Abhi's Turns 25

Rebecca Varidel
18th Jul 2015

It was twenty five years ago that Chef Kumar Mahadevan opened his Indian restaurant.

"When I had my first son, Abhi, I soon after opened my first restaurant in North Strathfield which I named after him. Six years later, when I had my second son, Aki, my wife Suba was very vocal in her desire to have another restaurant named after Aki to avoid any perceived favouritism between our sons. Luckily I had my eye on a Woolloomooloo site and Aki’s opened in 1994. Needless to say, I am not in a hurry to have any more sons!’

My restaurant Abhi’s in North Strathfield showcases my brand of contemporary Southern Indian cuisine, but in a casual, family friendly environment, with affordable prices. I opened Aki’s in Woolloomooloo to provide Sydney with a truly fine Indian culinary experience. From the immaculate table service, award winning local and international wine list, to the modern interpretations of traditional Indian recipes, Aki’s reflects the finer aspects of Indian cuisine."

This week, I was over the moon, totally stoked to be invited to sit in on the Abhi's special anniversary celebrations. The charming Chef Kumar Mahadevan started us off with the very first dish from the very first day at that first restaurant Abhi's, Mulligatawny Soup which is made with spiced lentils. It was just as rounded and tasty as I remembered. To this he added a play on the traditional 'Bhel-Puri' as a Scallop and Kingfish Bhel, with puffed rice, wheat crisps, and chilli onion vadagam (rice crackers).

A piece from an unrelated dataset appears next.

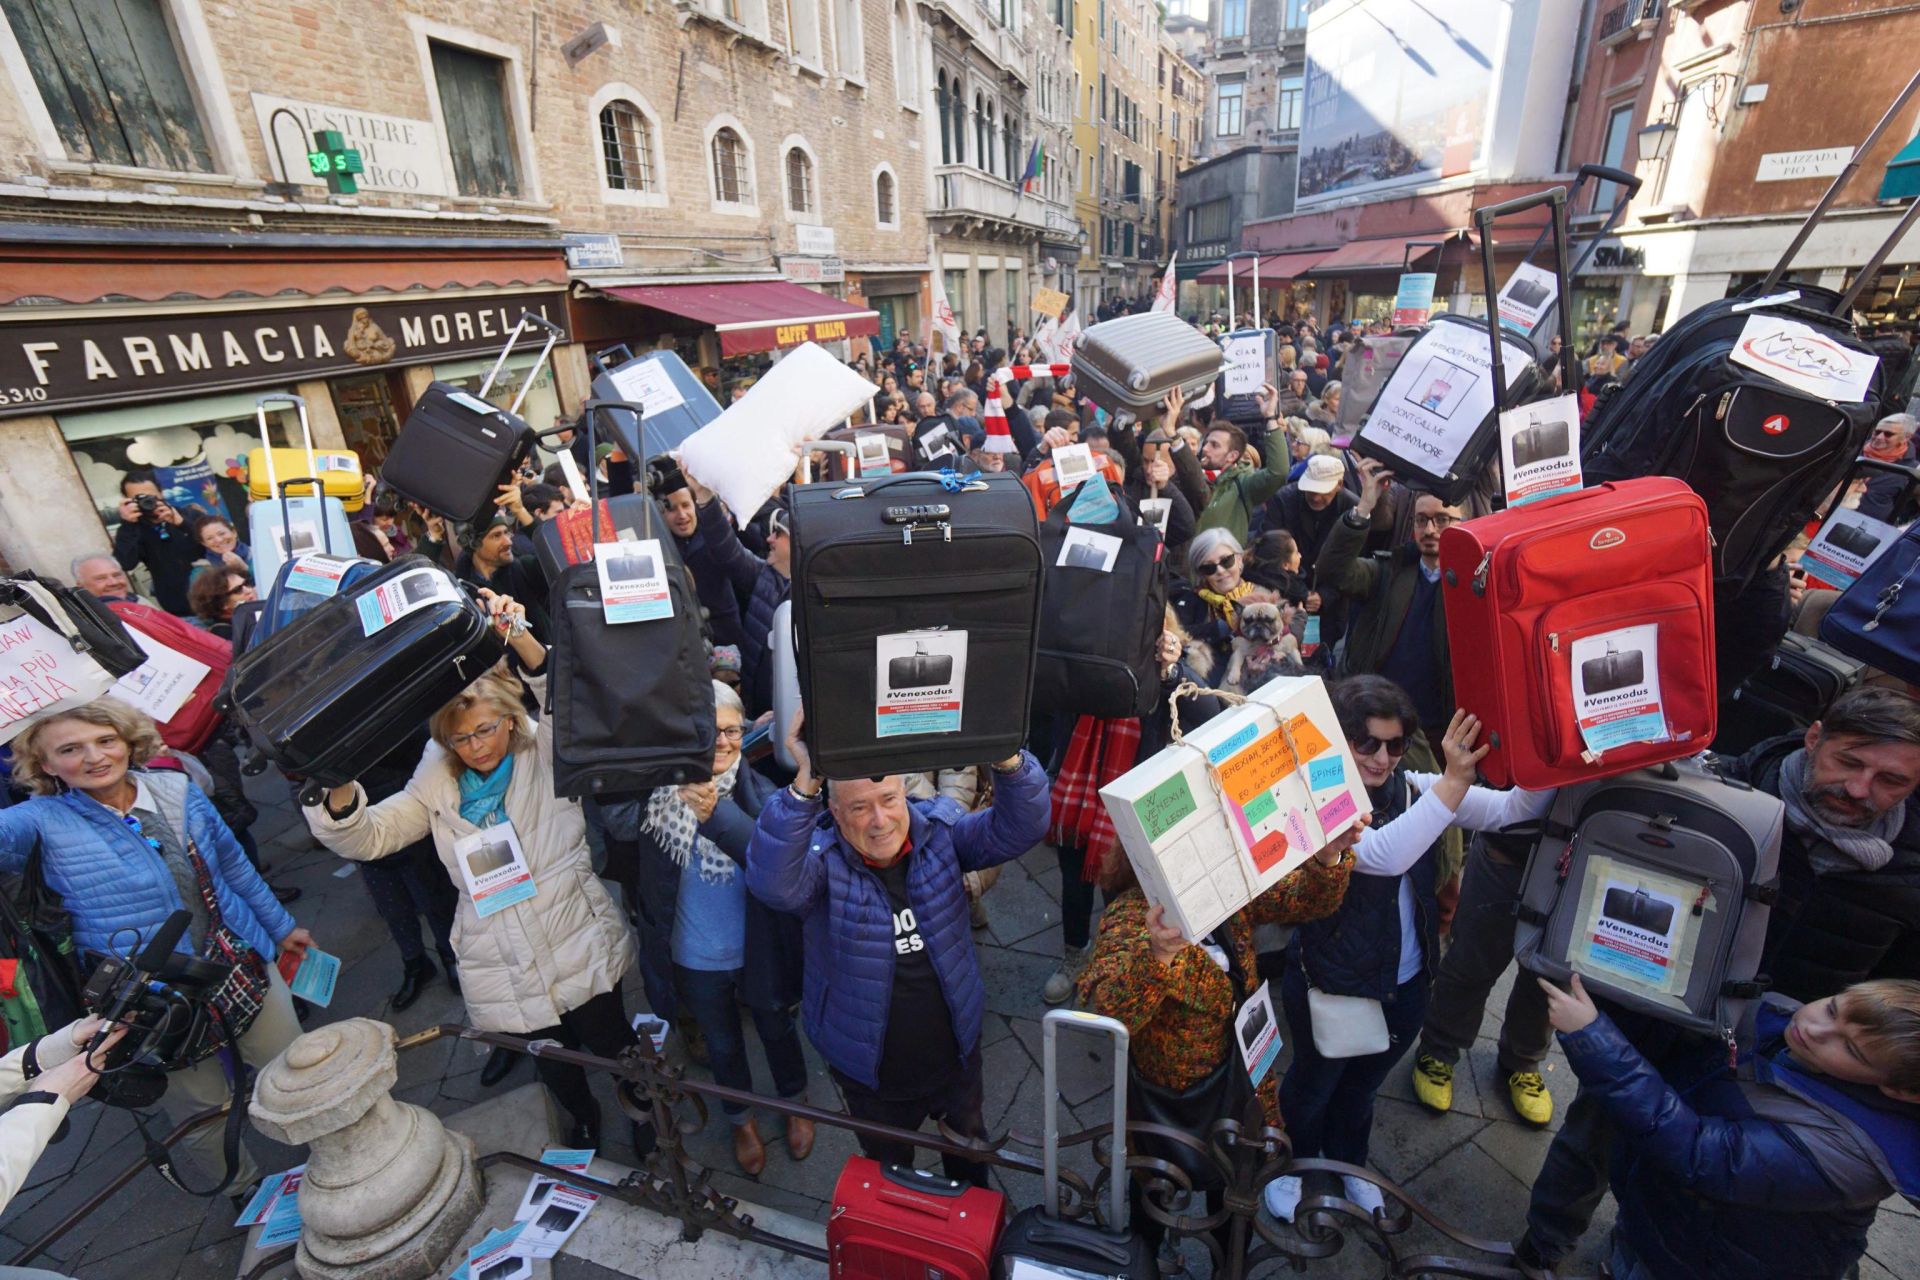 epa05628204 Residents of Venice hold luggages during the 'Venexodus' demonstrations in Venice, Italy, 12 November 2016. Venetians protest against the increasing number of tourists in Venice.  EPA/ANDREA MEROLA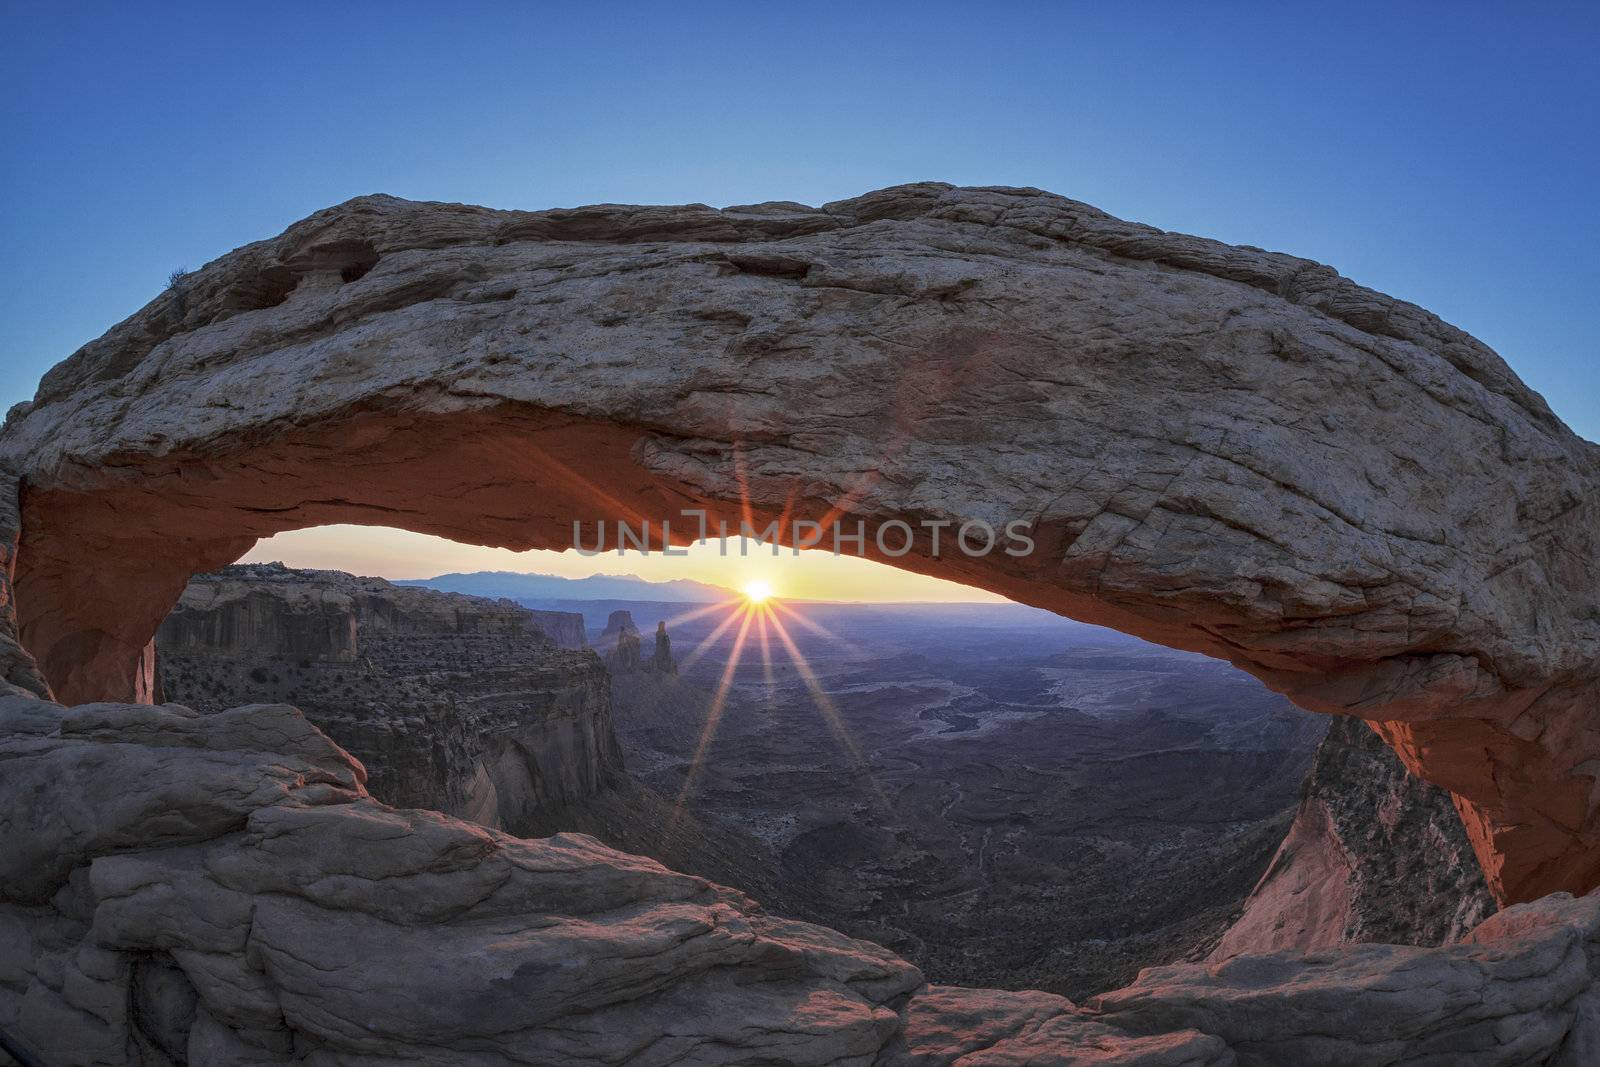 Famous sunrise at Mesa Arch in Canyonlands National Park, Utah, USA

There were three of his showcase dishes combined on one plate as our next course, and although each are delicious unto themselves, they worked beautifully in this family of Gucchi Paneer Khichidi (morrels, cottage cheese and mung bean ‘khichidi’ with pomegranate pearls and lotus chips), Chicken Palli Palayam (crispy chicken with pounded green chilli, ginger and black pepper crust), and Beetroot Porrial (diced beetroot tossed with mustard seeds, fennel, shallots and fresh coconut).

And with the next new creation, came a marriage of old and new. The sensuous spicy sauce is a recipe from his maternal great grandmother. The addition by Chef Kumar Mahadevan of the fish is new. It worked. And it worked very well. The orange grabbed our attention from front to back. The tamarind caressed us. Salmon Kothmiri Tikki (salmon roulade cooked souvede with green chutney, accompanied
with spicy tamarind and chickpea ‘kozambhu’) was the hit of the night.

Yet there was more to come. Mains arrived to the centre of the table for sharing, the first of which were traditional Tandoori Jumbo Prawns, plump and moist and marinated with yoghurt, garam masala, mace threads and saffron. Then followed, Chooza Masala (spatchcock rubbed with a Goan spice mix and oven cooked with chat potatoes, malt vinegar and pearl onions), Lamb Kari Kozhambhu (home-style dish of ground coconut, cassia, fennel, turmeric and poppy seeds), and Keerai Pappu (spinach and yellow lentil with browned garlic, cumin and dried whole chillies) with accompaniments, Ghee Rice and Veech Parantha. The final course, and plated individually, was a luscious dessert compilation of compressed raspberries, goats milk sorbet, vanilla custard, yoghurt shards and saffron honeycomb.

It's been a long association. Five years ago we were able to grab this recipe >> Madras Prawn Vendakai << with its wonderful heady mix of mustard, fenugreek and cumin seeds, tumeric, coriander and chilli powders, which Kumar cooked as a guest on the first series of MasterChef Australia. Before and since, we have enjoyed many wonderful meals at both Abhi's and Akhi's. To share in such a special night was a great honour and privilege.